Given the broad range of uncertain factors affecting hydropower generation, it is important to rigorously explore how hydropower availability influences system performance, resource adequacy, and energy reliability. In this study, we assess the sensitivity of the US footprint of the Western Interconnection to the availability of hydropower generation, resolved to 14 regional hydrologic basins. We use exploratory modeling to analyze an ensemble of 16,384 scenarios to uncover conditions where hydropower shortages in a basin lead to substantial changes in resource adequacy. Exploratory modeling is widely used in the literature to systematically evaluate scenario ensembles and discover important vulnerabilities and the factors that cause them [28,29]. While the influence of meteorological drivers on the performance and vulnerabilities of renewable energy systems has been the focus of prior work [30,31], this study’s explicit accounting of the interdependent effects of changes in regional hydropower availability provides important insights for better mapping potential sources of system reliability vulnerabilities.

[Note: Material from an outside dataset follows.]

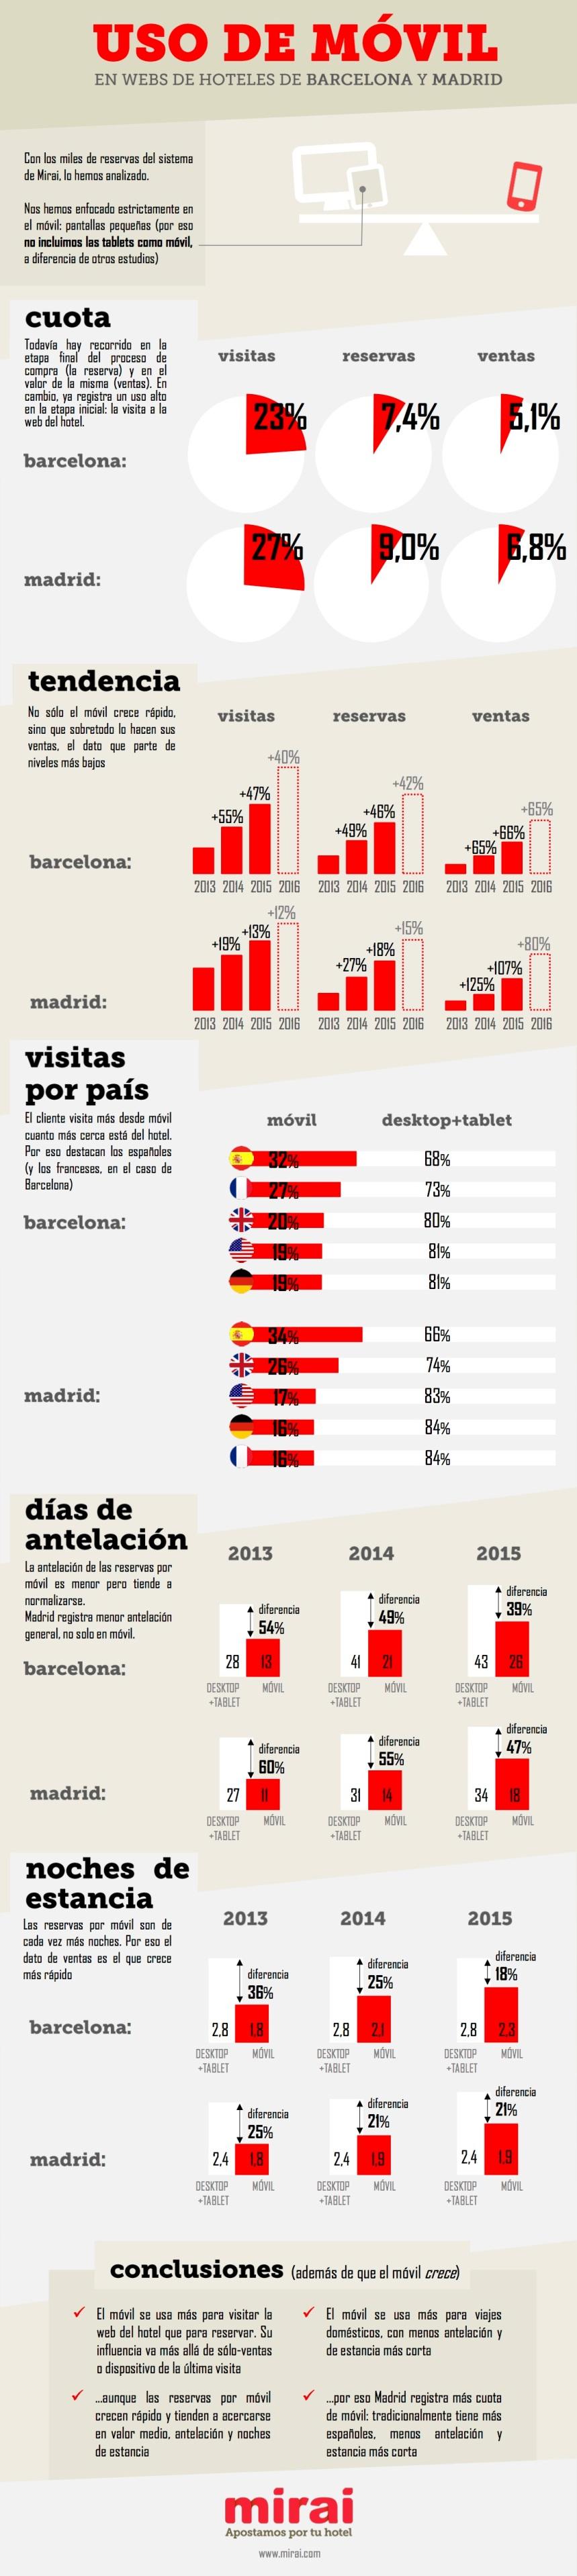 Uso del móvil en Hoteles de Madrid y Barcelona

The systematic evaluation of a range of possible operating contexts makes this approach different from traditional scenario-based modeling where the key factors are specified in advance. Instead, we focus on “scenario discovery” using broader ensembles of results to better understand the drivers of the most consequential outcomes [32,33]. The identification of consequential scenarios of interest is a central part of exploratory modeling [34,35]. Exploratory modeling and scenario discovery are reflective of a broader body of work related to decision-making under deep uncertainty [36]. Here, exploratory modeling for different scenarios of hydropower unavailability is performed to discover key hydropower assets and regions with outsized impacts on resource adequacy. Overall, our exploratory modeling analysis of the Western Interconnection aids in understanding the system’s vulnerability to reduced hydropower availability, both locally and across the broader system. It also represents a unique application of this approach with a complex, applied interconnect-scale grid model, presenting an approach that could be extended to additional or integrated energy system models.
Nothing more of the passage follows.